The variance of the negative binomial distribution in terms of μ and θ

Cited references

R functions and commands demonstrated

barplot is the base graphics function for generating bar plots.
chisq.test can be used to perform a Monte Carlo goodness of fit test based on the Pearson chi-squared statistic.
glm is the generalized linear models function. It can be used to fit regression models to response variables with various probability distributions.
pchisq is the cumulative distribution function of the chi-squared distribution.
ppois is the cumulative distribution function of the Poisson distribution.
qchisq is the quantile function of the chi-squared distribution.

R function options

B= (argument to chisq.test) can be used to modify the default number of simulations (B=2000) for the simulation-based version of the chi-squared test.
family= (argument to glm) is used to specify a probability distribution and, optionally, a link function.
lower.tail= (argument to ppois and other probability functions) can be assigned TRUE (the default) or FALSE. ppois(k, lower.tail=T) calculates P(X ≤ k) while ppois(k, lower.tail=F) calculates P(X > k).
simulate.p.value= (argument to chisq.test) can be assigned the values TRUE or FALSE. When TRUE a Monte Carlo-based p-value is calculated for the observed Pearson chi-squared statistic.

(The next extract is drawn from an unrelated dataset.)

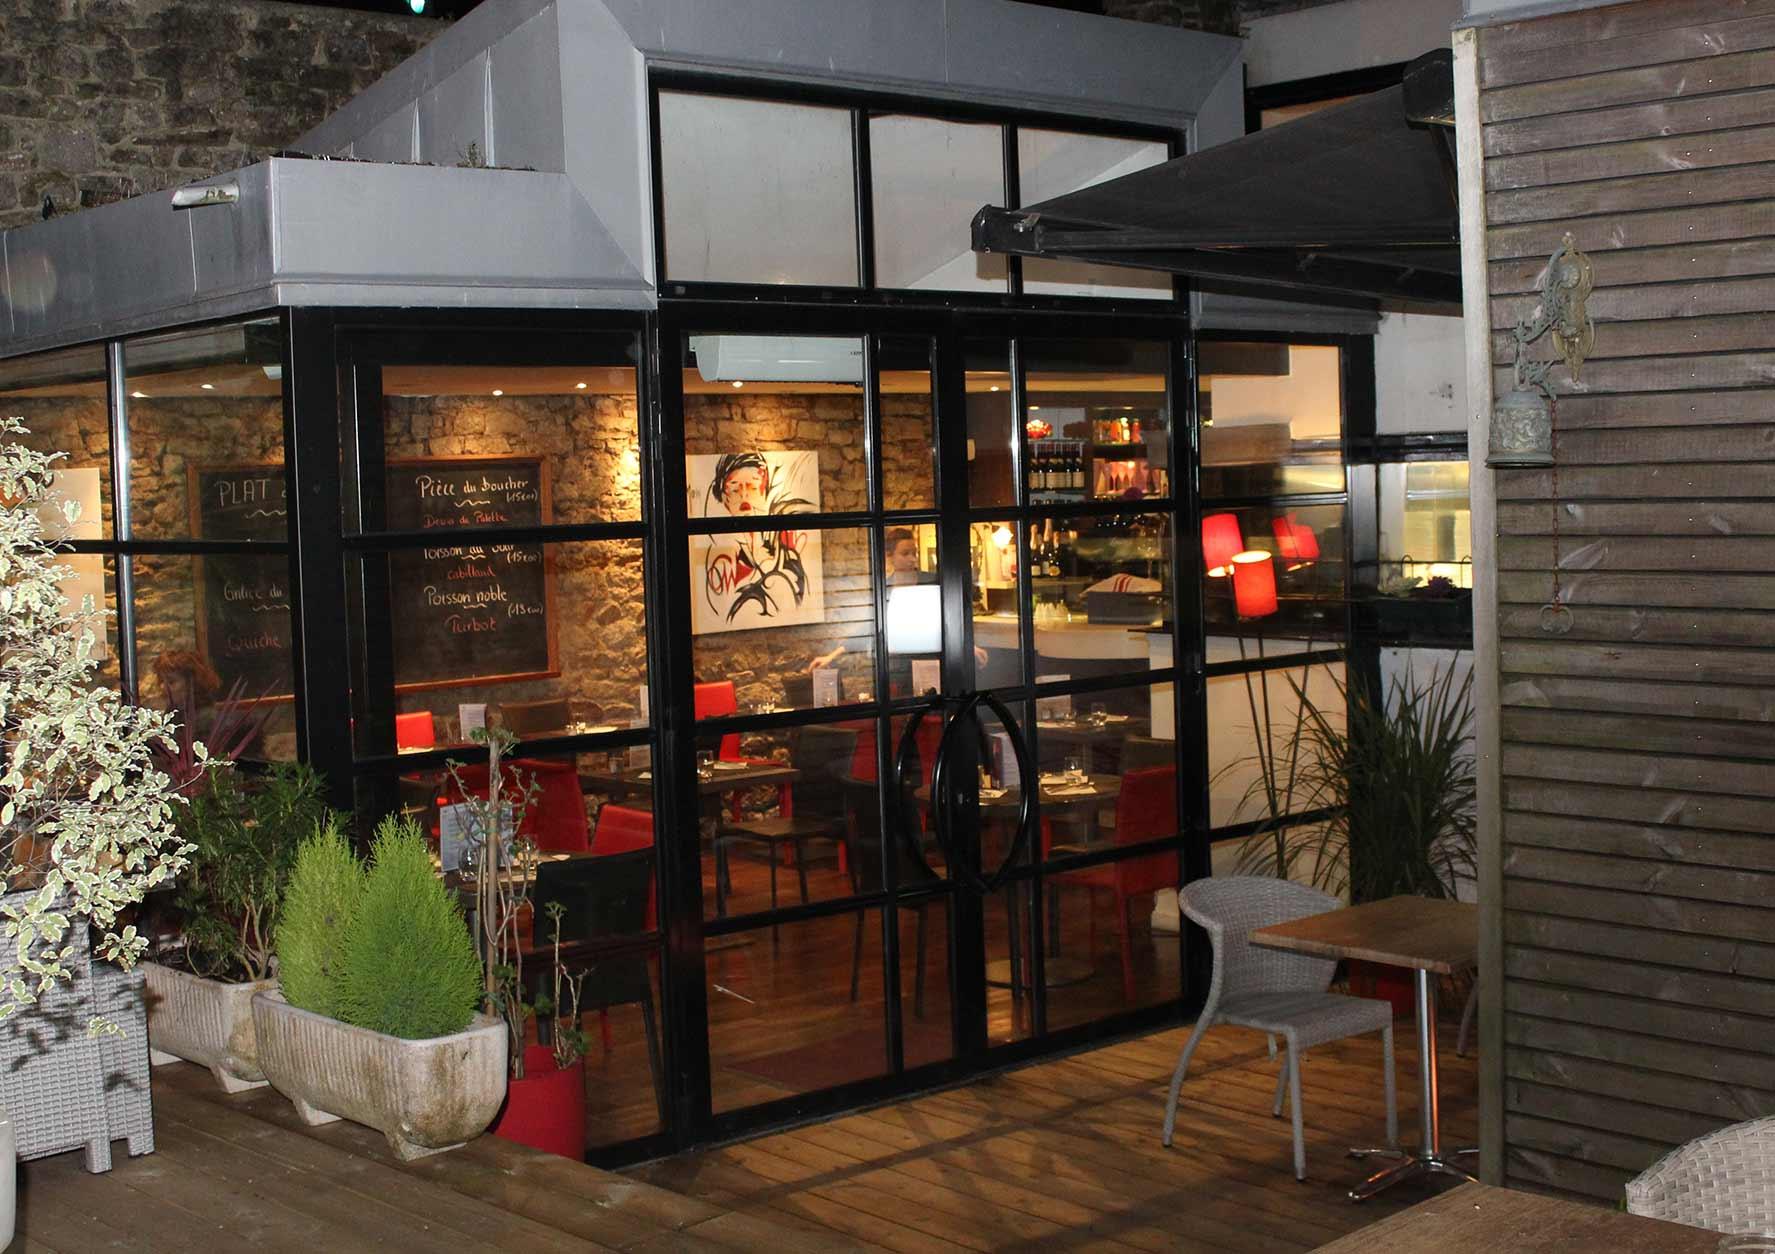 Restaurant-à-Quimper-restaurant-Quimper-sur-les-Quiais-Top-restaurant-Kemper-ville-de-Quimper-29000-touristique_gastronomie568954xxxxx5

Poisson model for aphid counts

We continue with the analysis of the aphid count data set. Last time we fit a Poisson distribution to these data using maximum likelihood. Today we examine the fit of the model.

R code from last time

num.stems <- c(6,8,9,6,6,2,5,3,1,4)

# data frame of tabulated data

aphids <- data.frame(aphids=0:9, counts=num.stems)

aphids

   aphids counts
1       0      6
2       1      8
3       2      9
4       3      6
5       4      6
6       5      2
7       6      5
8       7      3
9       8      1
10      9      4

aphid.data <- rep(0:9,num.stems)

aphid.data

[1] 0 0 0 0 0 0 1 1 1 1 1 1 1 1 2 2 2 2 2 2 2 2 2 3 3 3 3 3 3 4 4 4 4 4 4
[36] 5 5 6 6 6 6 6 7 7 7 8 9 9 9 9

Examine the distribution of the tabulated data with a bar chart using the barplot function.

names(num.stems) <- 0:9

barplot(num.stems)

Fig. 1 Bar plot of the tabulated data

Construct a function to calculate the log-likelihood of the data for a specific value of the parameter λ.

poisson.LL <- function(lambda) sum(log(dpois(aphid.data, lambda)))

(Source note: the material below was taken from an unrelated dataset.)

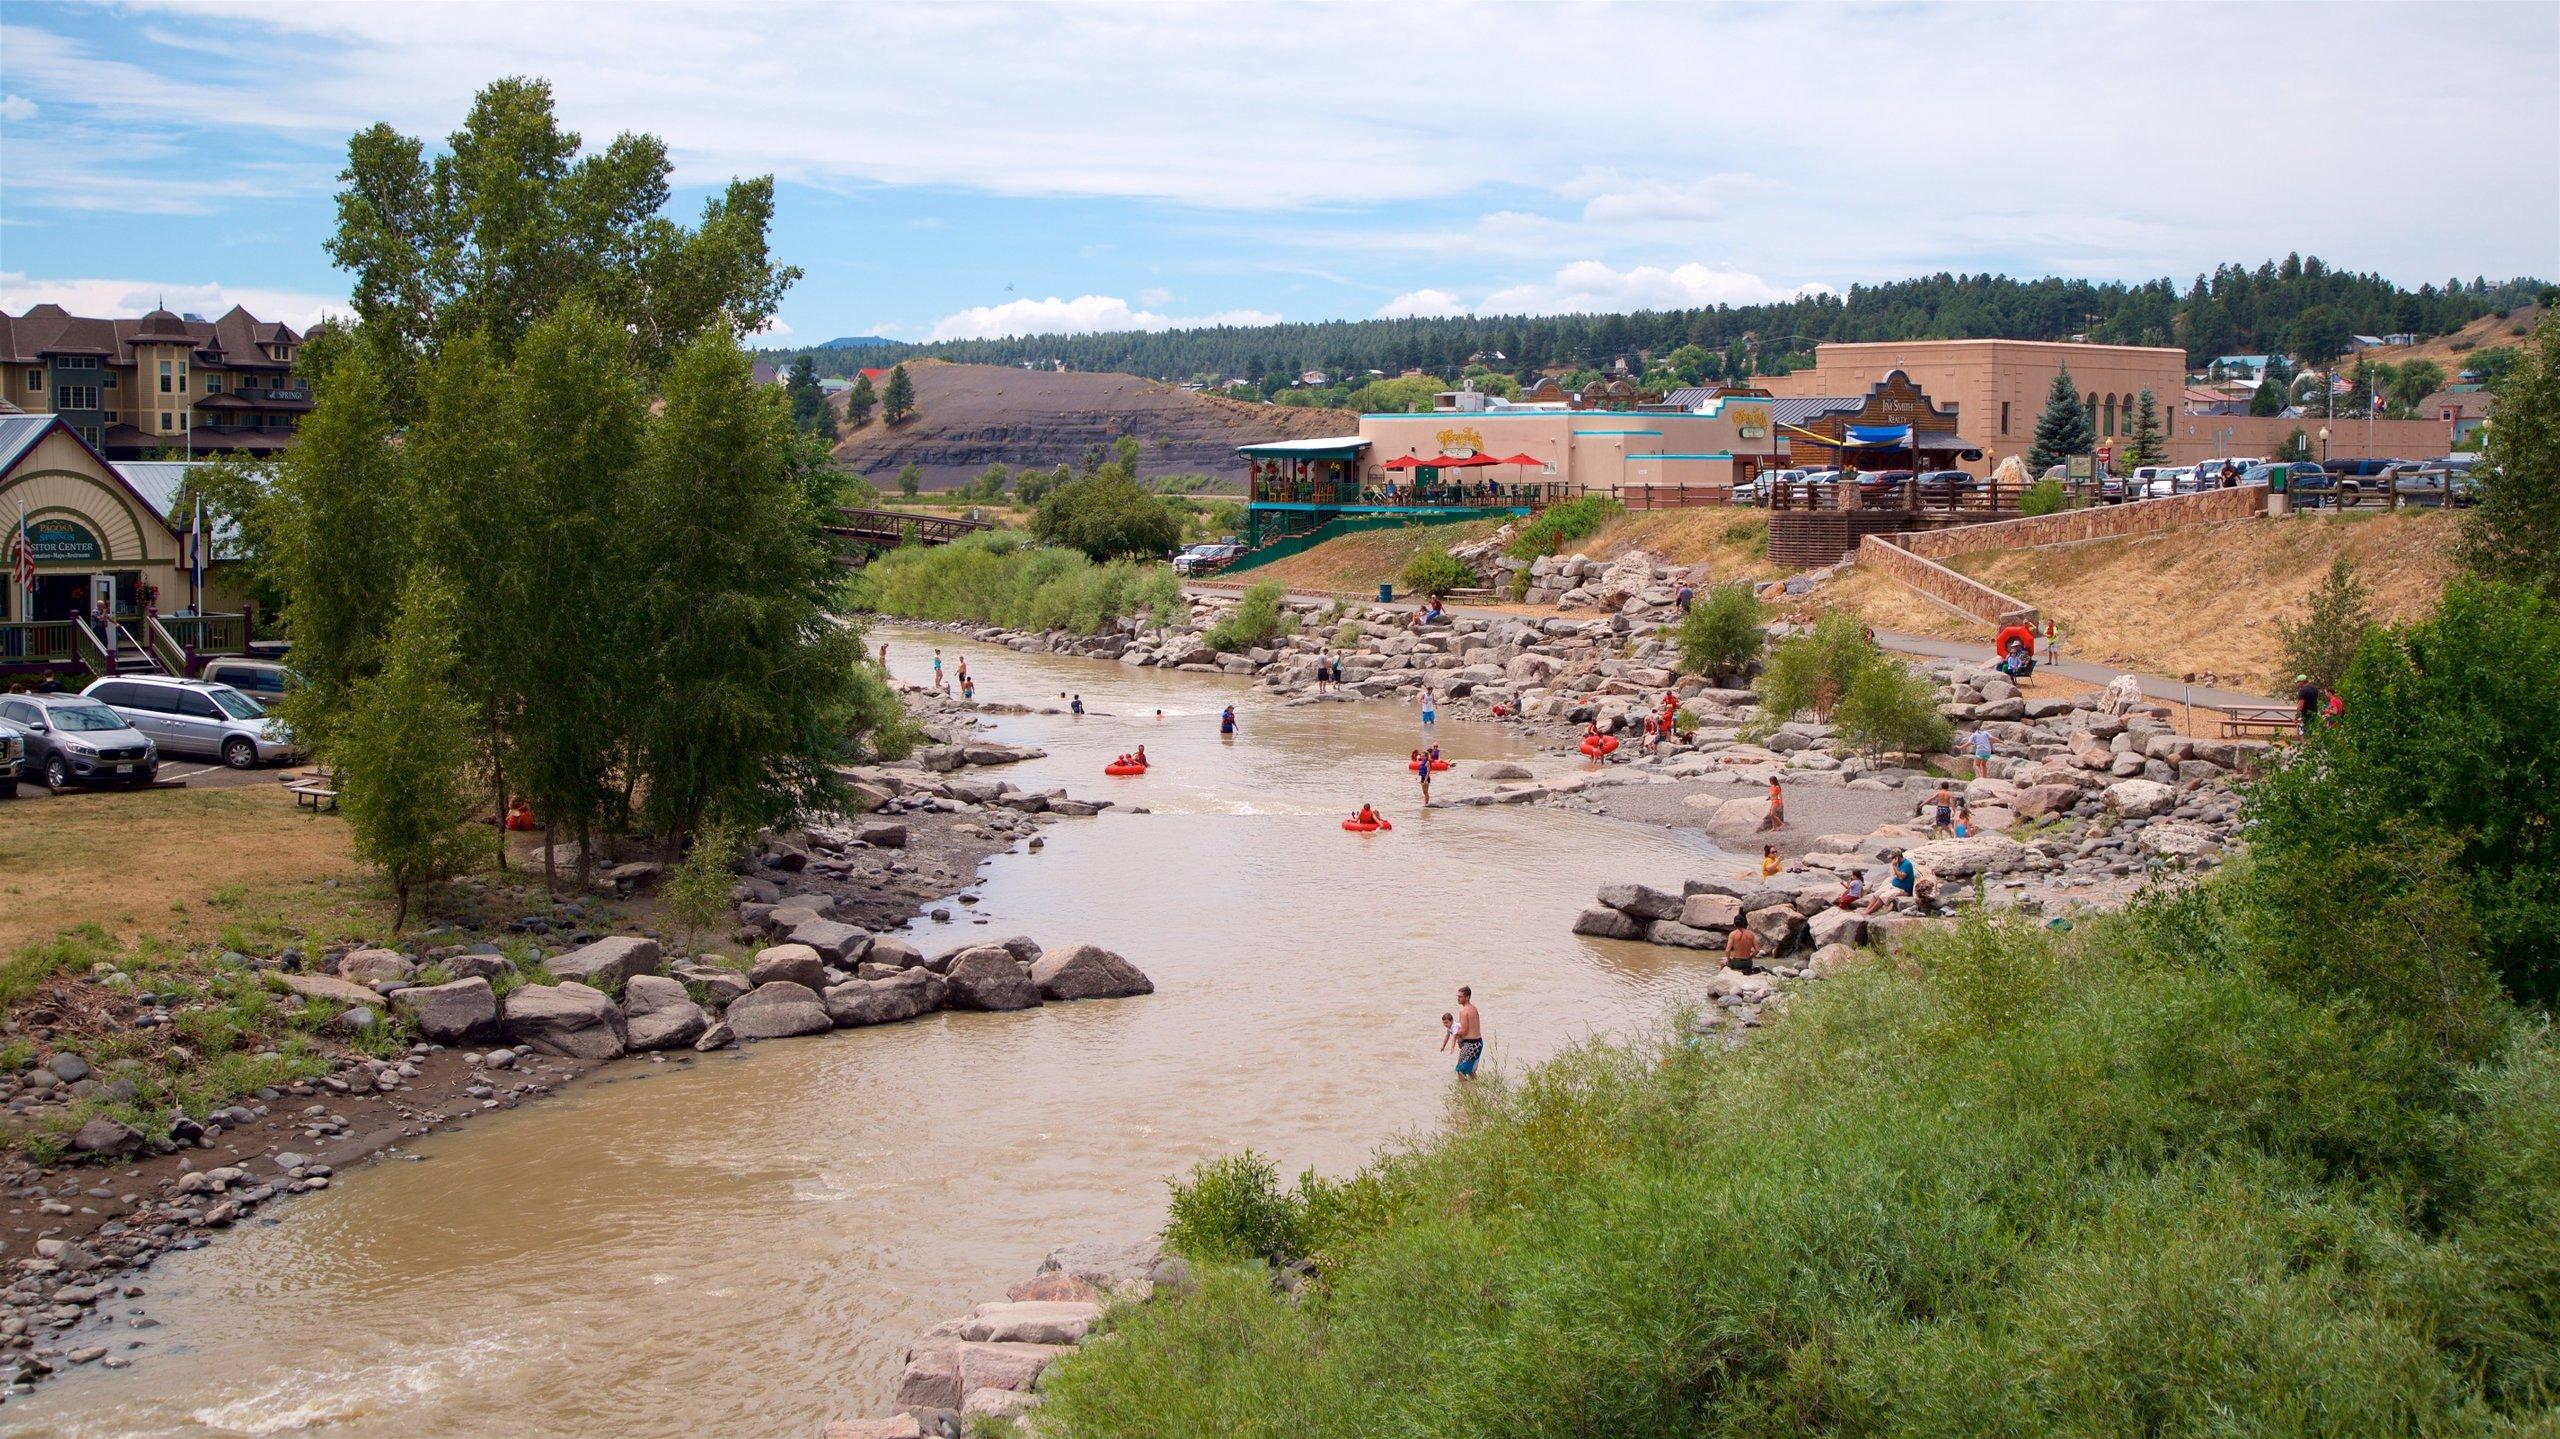 Archuleta County, Colorado, United States of America

To use nlm to obtain the maximum likelihood estimate of λ, we need to change the way we're formulating the problem. Since maximizing f is equivalent to minimizing –f, we need to reformulate our objective function so that it returns the negative log-likelihood rather than the log-likelihood. I use λ = 3 as an initial guess.

poisson.negloglik <- function(lambda) -poisson.LL(lambda)

I use λ = 3 as an initial guess in the call to nlm.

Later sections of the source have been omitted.